The quest for past Martian life hinges on locating surface formations linked to ancient habitability. While Mars' surface is considered to have become cryogenic ~3.7 Ga, stable subsurface aquifers persisted long after this transition. Their extensive collapse triggered megafloods ~3.4 Ga, and the resulting outflow channel excavation generated voluminous sediment eroded from the highlands. These materials are considered to have extensively covered the northern lowlands. Here, we show evidence that a lacustrine sedimentary residue within Hydraotes Chaos formed due to regional aquifer upwelling and ponding into an interior basin. Unlike the northern lowland counterparts, its sedimentary makeup likely consists of aquifer-expelled materials, offering a potential window into the nature of Mars' subsurface habitability. Furthermore, the lake’s residue’s estimated age is ~1.1 Ga (~3.2 Ga post-peak aquifer drainage during the Late Hesperian), enhancing the prospects for organic matter preservation.
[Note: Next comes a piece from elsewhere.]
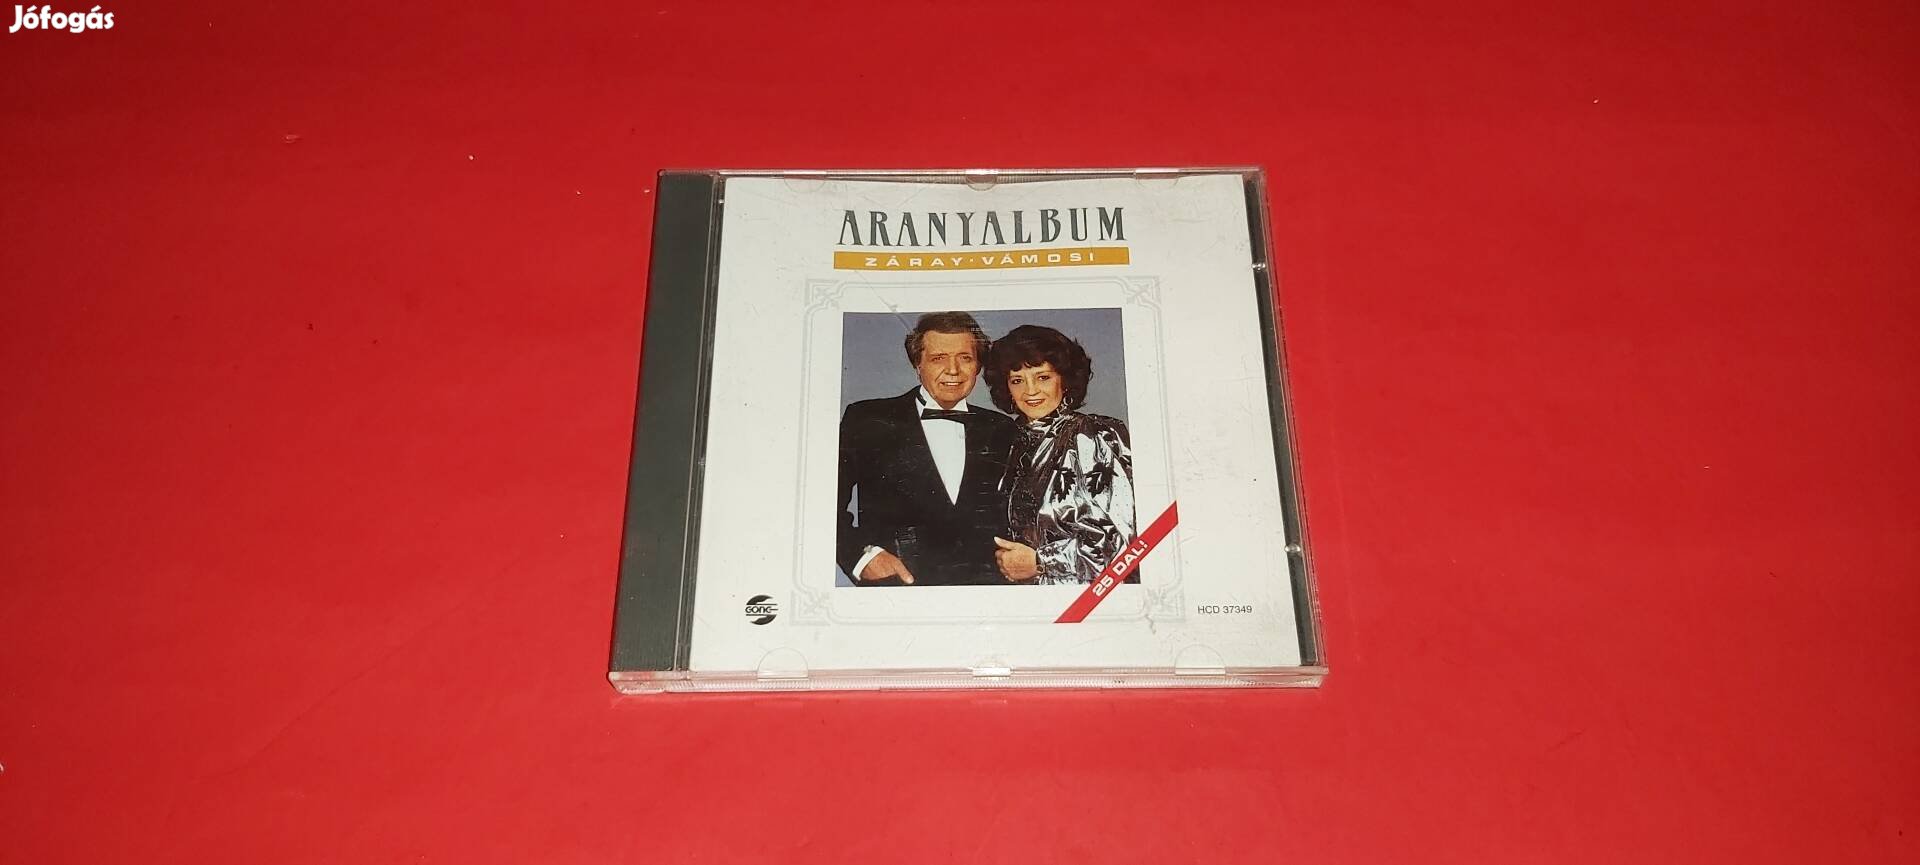 Záray-Vámosi Aranyalbum Cd 1990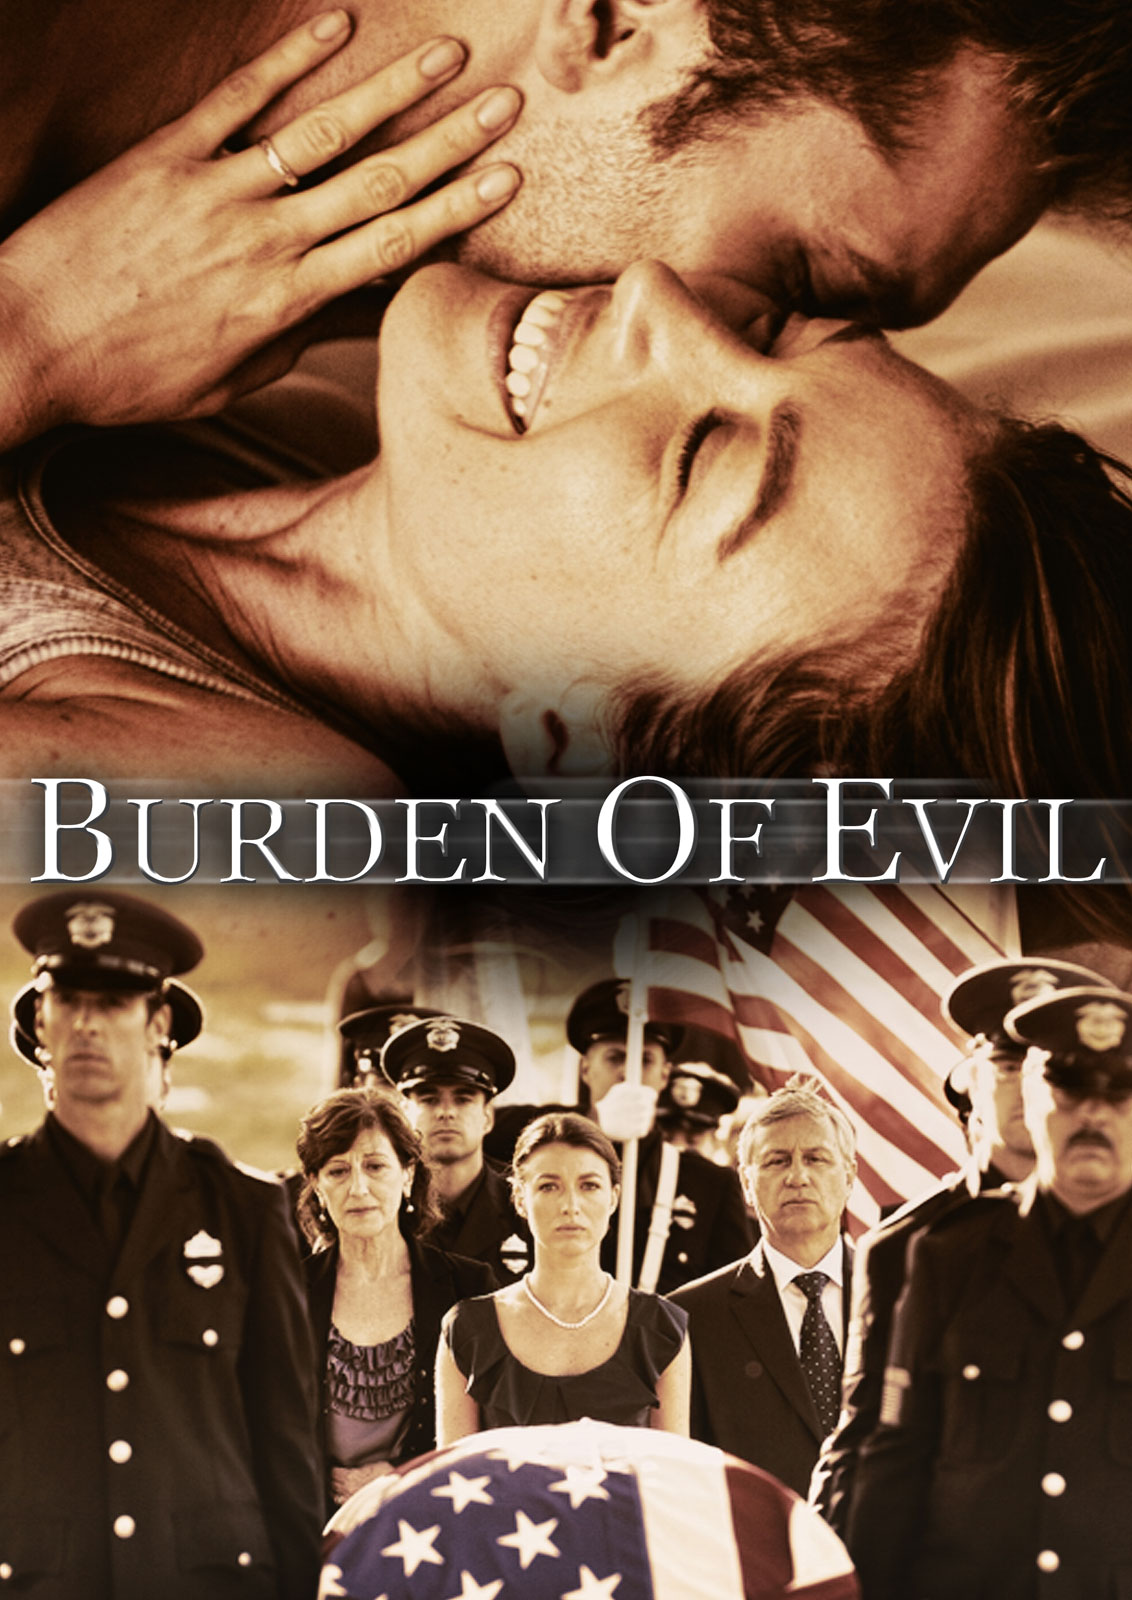 Burden of Evil (2012) Screenshot 5

This deposit’s inferred fine-grained composition, coupled with the presence of coexisting mud volcanoes and diapirs, suggest that its source aquifer existed within abundant subsurface mudstones, water ice, and evaporites, forming part of the region’s extremely ancient (~ 4 Ga) highland stratigraphy. Our numerical models suggest that magmatically induced phase segregation within these materials generated enormous water-filled chambers. The meltwater, originating from varying thermally affected mudstone depths, could have potentially harbored diverse biosignatures, which could have become concentrated within the lake’s sedimentary residue. Thus, we propose that Hydraotes Chaos merits priority consideration in future missions aiming to detect Martian biosignatures.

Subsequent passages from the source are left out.